For the global contest, the challenge was defined through consultation with TDR, hosted at the World Health Organization, and at regional level in Latin America, through consultation with the PAHO, based on key priorities in LMICs of neglected tropical diseases and primary health service delivery. At national level, each implementing partner defined the challenge through consultation with their National Ministry of Health, based on key national priorities (see Table 2).
Stakeholder consultation on the challenge ensured that it was aligned to a global, regional or national priority. Consultation with these institutions enhanced their ownership of the contest and their support during the selection process, while fostering interest in the uptake of the SI initiatives identified (see Step 5).
The request put forward to potential applicants was to share any creative solution they had developed and implemented in response to the challenge area in LMICs or select countries. As SI is not a well-described concept in LMICs, and because people often do not qualify their own work as innovative, but rather, a simple solution to a given problem, the words ‘social innovation’ and ‘innovation’ were used sparingly and instead, the words ‘creative solutions’ were used. At the same time, it was acknowledged that any terminology, especially with translation, carries a risk of bias in interpretation by potential applicants.
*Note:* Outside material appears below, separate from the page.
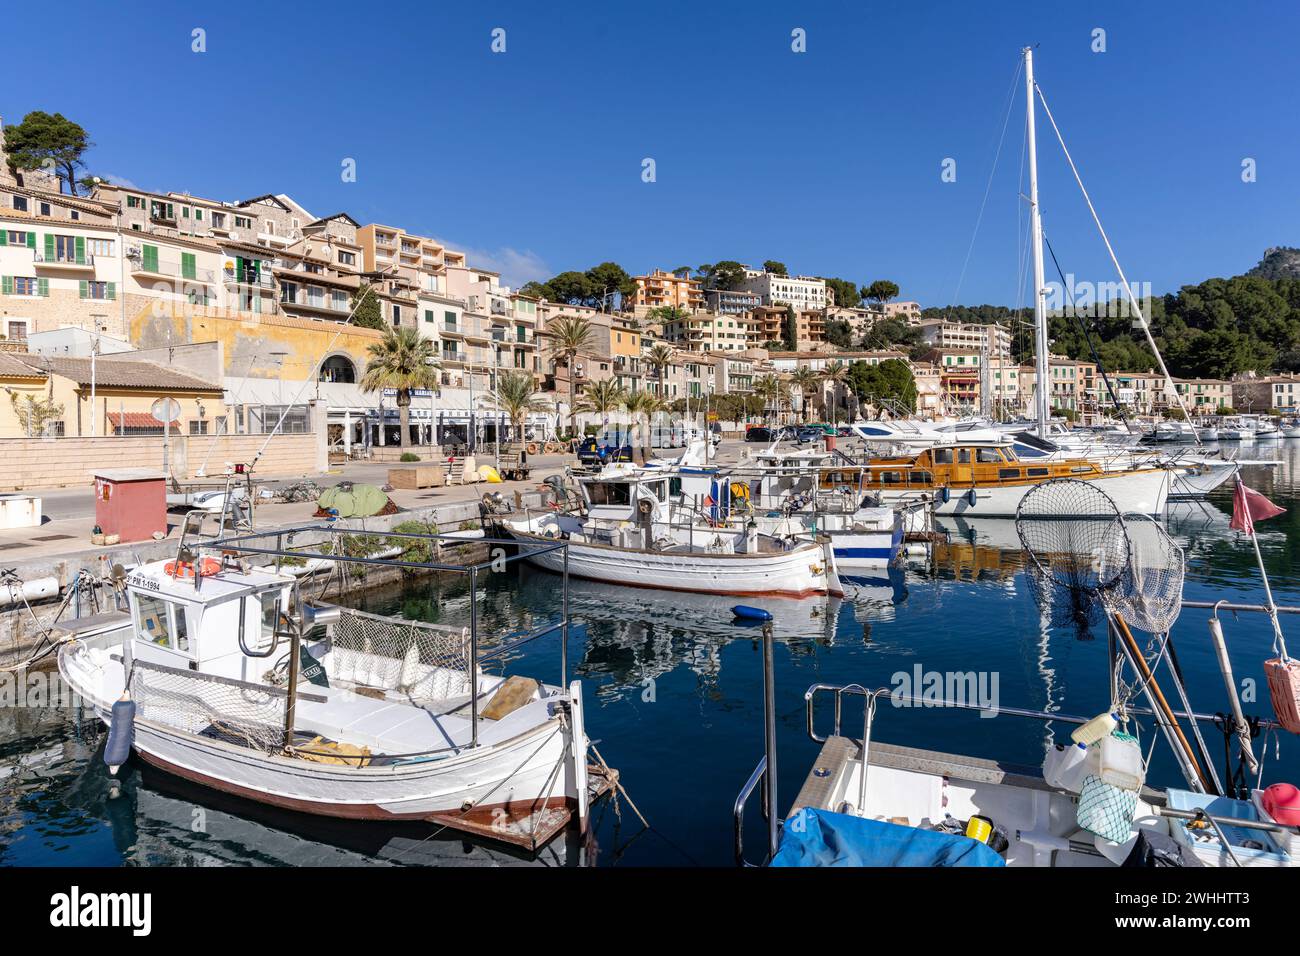 Traditional boats in front of the Santa Catalina neighborhood Stock Photo

Innovation challenges framed broadly in non-medical terms — for example, “Have you developed a creative solution that has transformed healthcare for mothers and babies in Uganda?” — received higher participation rates with greater diversity of applicants as compared to challenges that were framed using more technical and medicalised language, such as in the Latin American and Caribbean regional contest.
Step 2: Design locally relevant communication strategies and promote the contest
Prior to launching the crowdsourcing contest, a contest promotion strategy was defined, supported by various communication products. To reach the widest possible audience, a contact list was developed; this included all known health implementers in each setting including international agencies, government bodies, universities, not-for-profits, private organisations, innovation incubators, professional bodies and community groups. A communication schedule was developed to ensure that all organisations were reached while promoting the contest. The communication products included flyers, posters, a video promoting the contest, videos sharing examples of social innovations (where available), and a social media campaign leveraging Facebook, Twitter, and LinkedIn. The package was tailored to be geographically and culturally representative to each setting using representative images and was translated into the main local languages. Context specific strategies were adopted to disseminate the communication products (see Table 3).
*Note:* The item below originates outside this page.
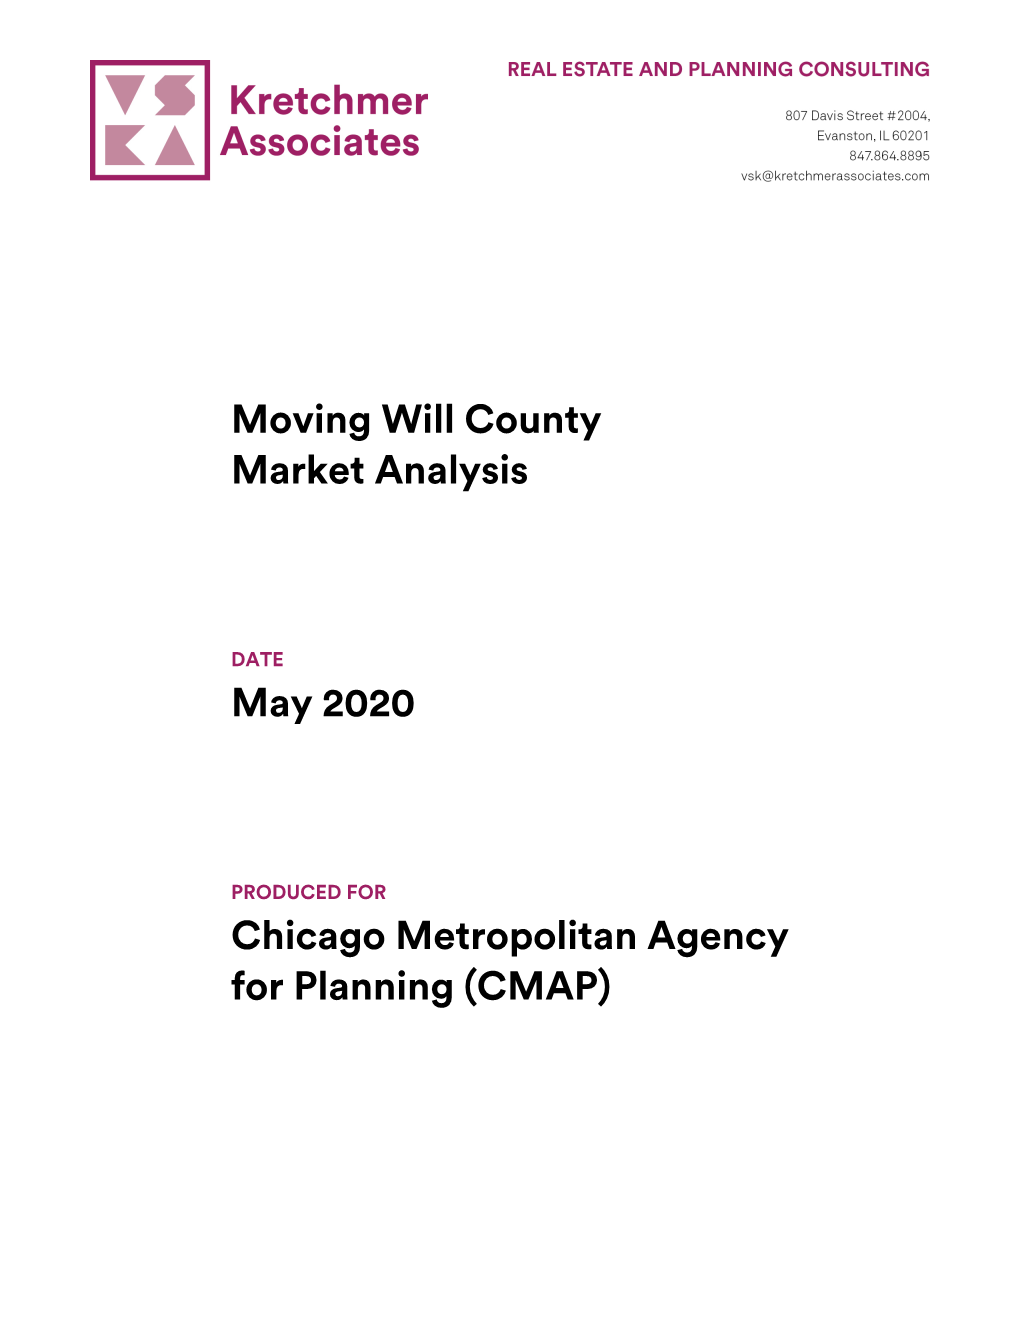 Moving Will County Market Analysis May 2020 Chicago Metropolitan

Each innovation contest solicited applications for 6 weeks, with active dissemination and promotion of the contest prior to and during this period. For these contests, no monetary prize was offered; rather, the ‘prize’ was recognition and showcasing at a national or international level to decision-makers and funders.
The effectiveness of the approach and the number of submissions received were heavily dependent on the extent to which the contests were promoted and disseminated across countries and districts. The presence of existing social networks and internet connectivity were two factors influencing the number of applications received.
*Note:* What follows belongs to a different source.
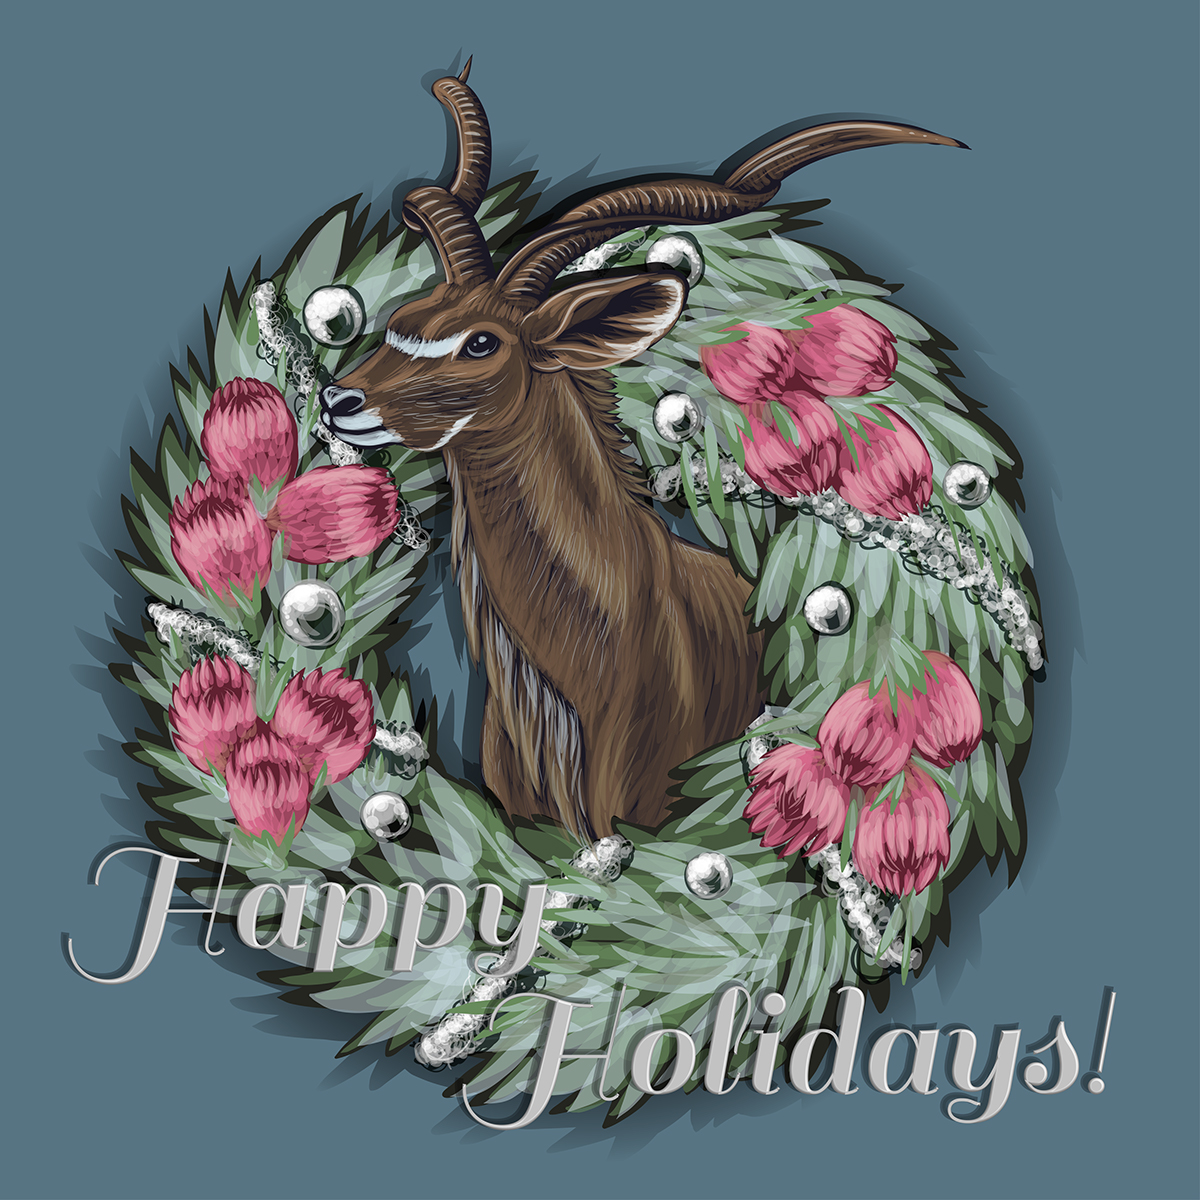 motion graphic holiday ecard adobe illustrator Adobe Photoshop Adobe Aftereffects Kudu protea south africa Christmas

In the 2014–2015 contest, the implementing universities had stronger existing networks in Africa and Asia which supported the contest promotion as compared to the Latin America and Caribbean (LAC) region, and thus in fewer applications received from LAC. Similarly, in the case of the Malawian contests, a higher number was received during the 2018 contest as compared to the 2017 contest. In 2017, SI was a new concept in Malawi as well as crowdsourcing. With a limited number of pre-existing partners to support the SI crowdsourcing contest, who could leverage their own networks for promotion and dissemination, only a few applications were received. By 2018, the Malawi team established in-country partnerships that led to the broader recognition and promotion of SI and in so doing contributing to an increased number of applications compared to 2017. In all country settings, support from the National Ministry of Health, local partners or regional institutions such as PAHO, and their representation on all communication materials, assisted in the crowdsourcing contest gaining credibility and legitimacy.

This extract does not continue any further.